The Pew Forum on Religion and Public Life has posted a slide-show presentation of changes in support for same-sex marriage. There’s no new news here. Rising support for same-sex marriage has been widely reported. Not surprisingly, secularists are most supportive, religious people less so. Democrats are more supportive, Republicans less so. Young people more so, older people less so.
There are some small details worth noticing. Support has recently declined among Catholics, as well as among people over 50. Conservative resistance is hardening.
But the trend remains: people are more supportive of gay marriage today then they were ten years ago.
As I wrote in the October Public Square in First Things , we face a real challenge in making our resistance to homosexual marriage persuasive. This is a problem, because without compelling reasons most American default to a libertarian stance: as long as nobody is being harmed, then it’s their right . . . .
Should we be pessimistic?
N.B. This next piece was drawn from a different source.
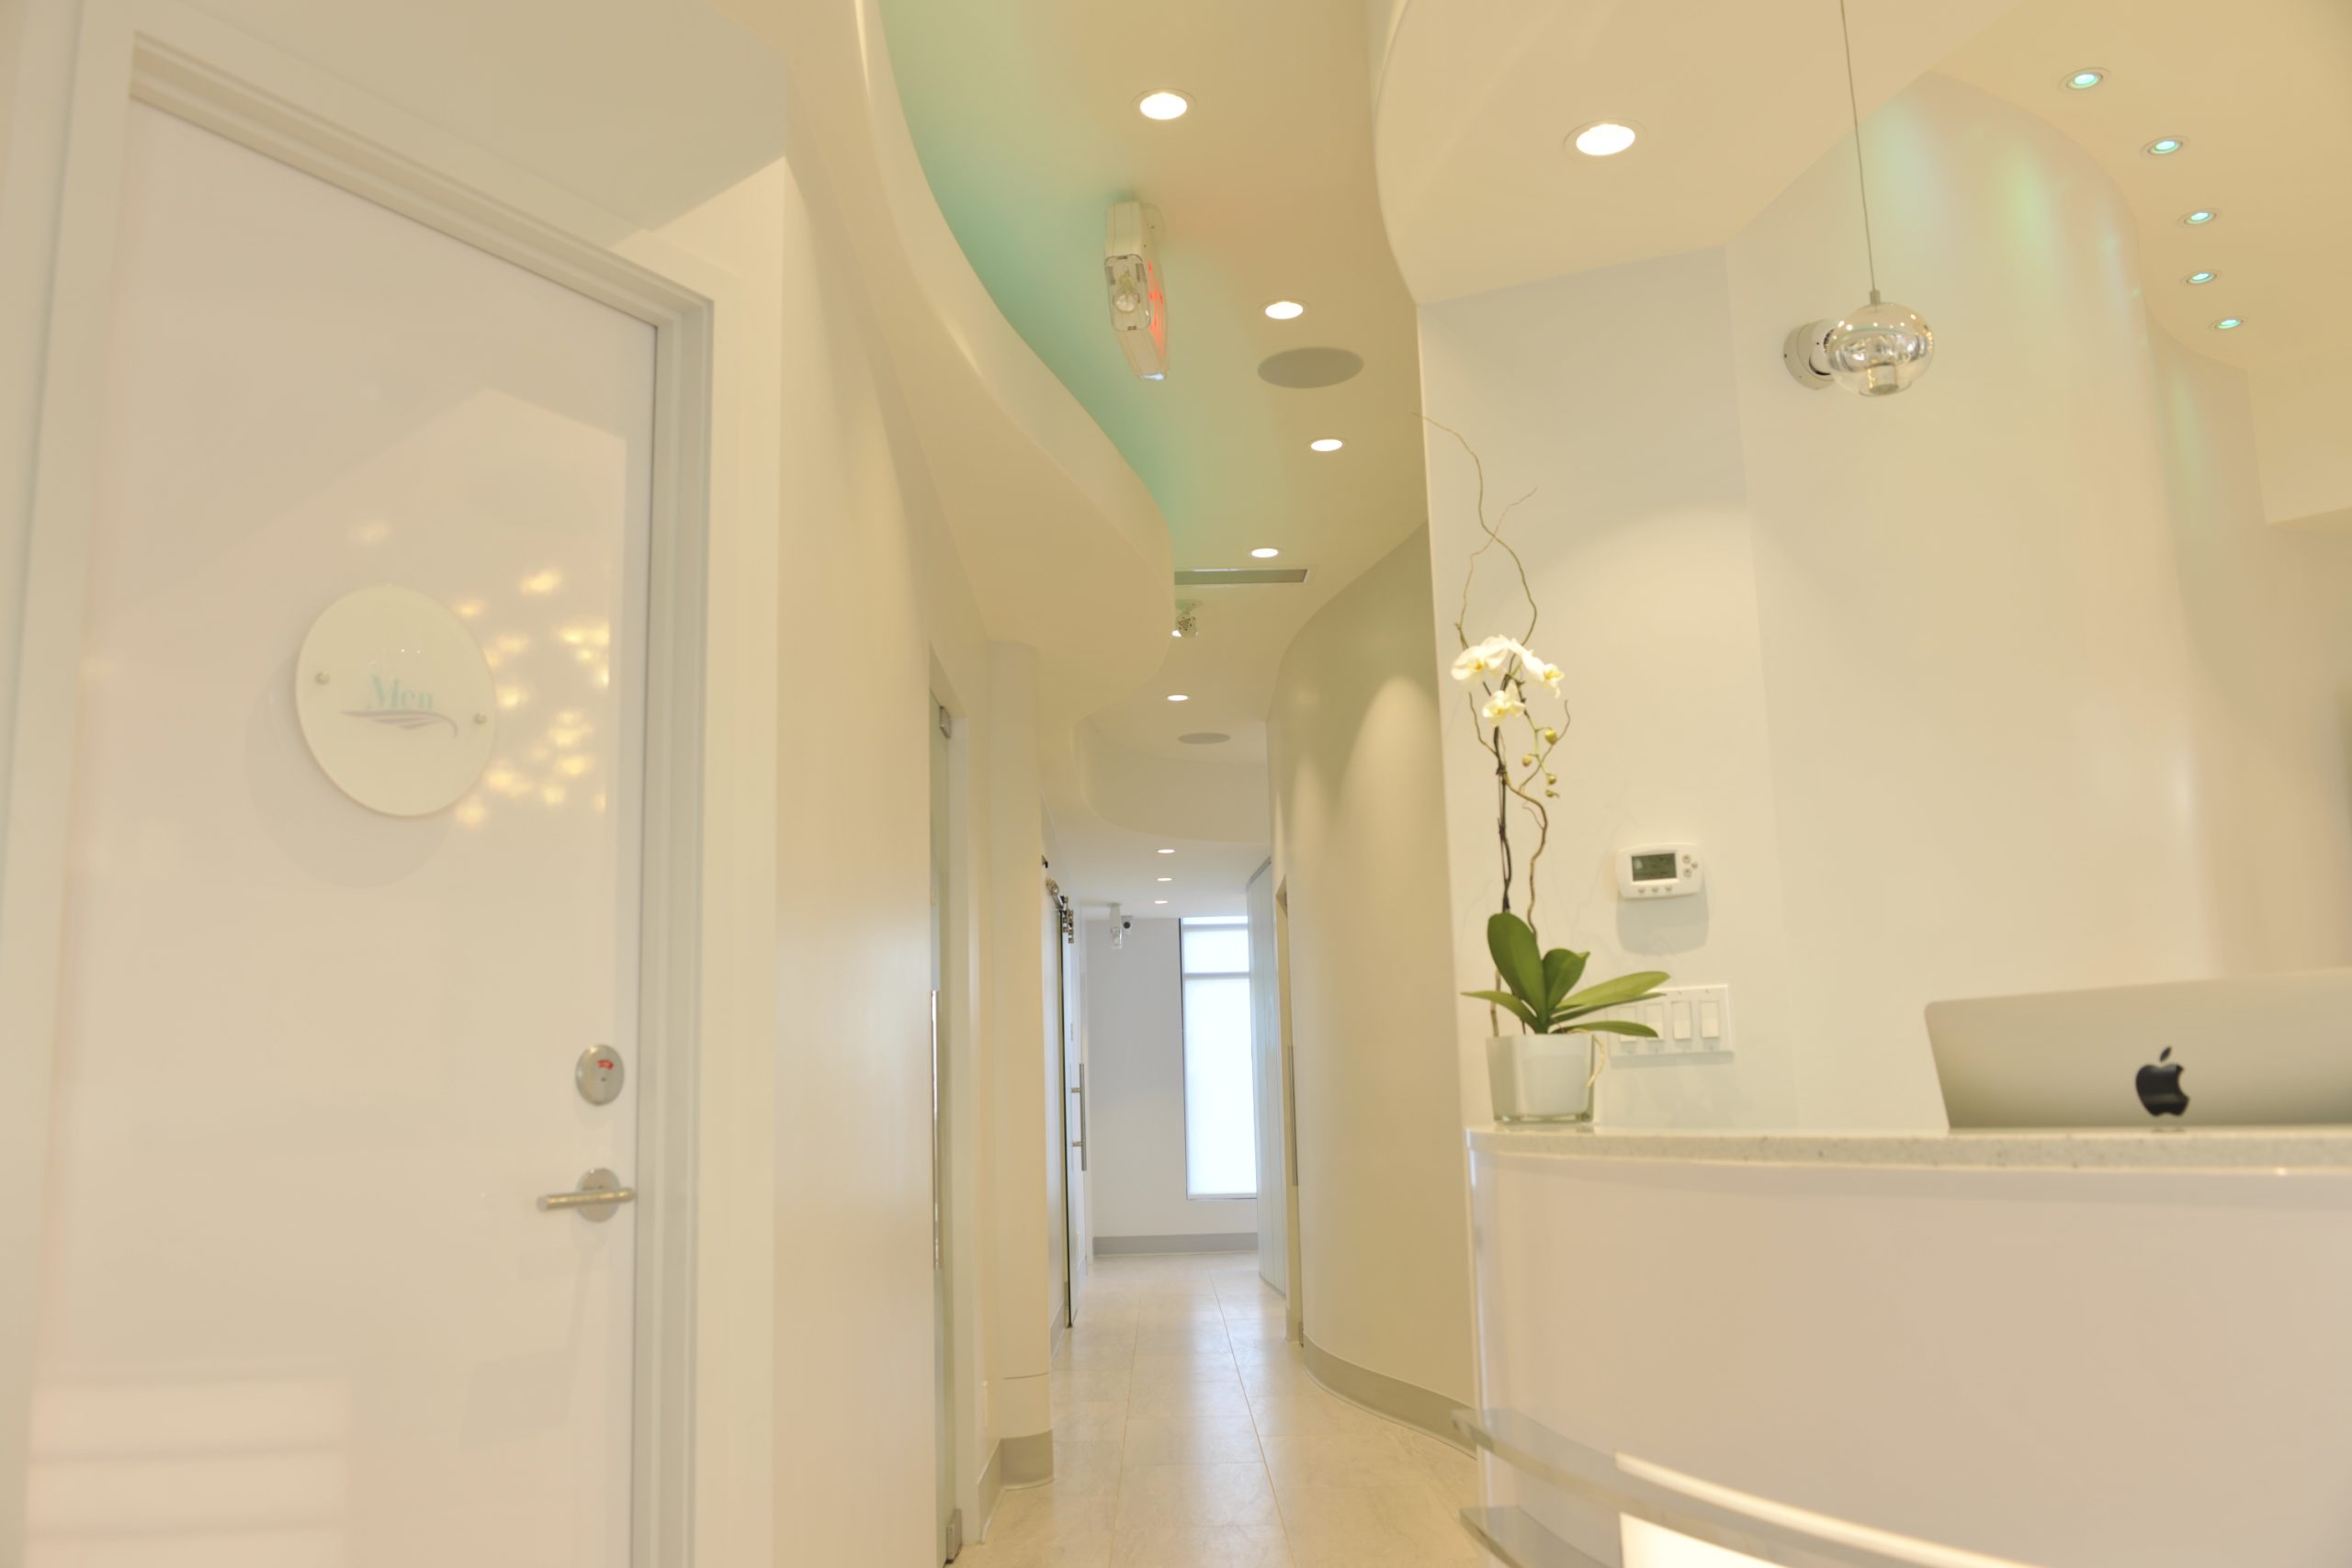 Natural lighting coming through dental clinic hallway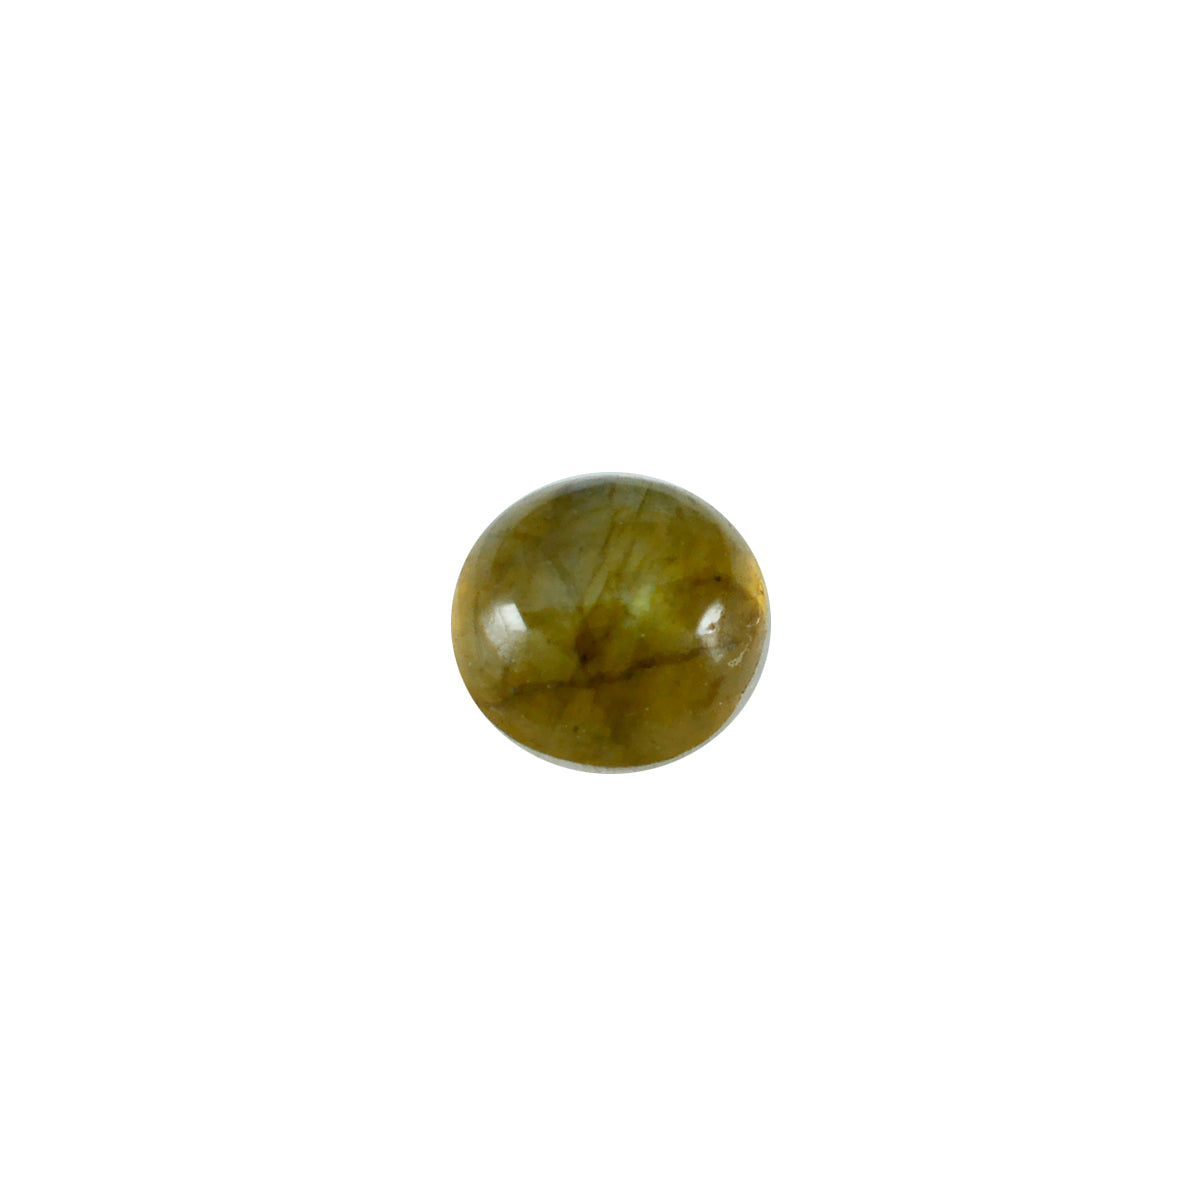 Riyogems 1PC Grey Labradorite Cabochon 12x12 mm Round Shape A+ Quality Gems

Perhaps, but I find myself thinking back to the Equal Right Amendment. In the early seventies it seemed a sure thing. But it ran out of gas, in large part because women’s liberation was so successful. By the late seventies it didn’t seem all that urgent anymore.
Perhaps the widespread success of sexual liberation will have the same effect. A certain amount of support for gay marriage comes for the desire to be “affirming.” OK, but today self-confident homosexuals are high-powered Wall Street lawyers, surgeons, and CEOs of important companies. That fact may take away some of the moral urgency on behalf of gay marriage that many middle-of-the-road people feel.
That and the challenges facing men and women who are trying to get and stay married. Anxiety about our fraying culture of traditional marriage mayand I emphasize only maymix with a relaxed sense of moral urgency, thus creating conditions for some second thoughts.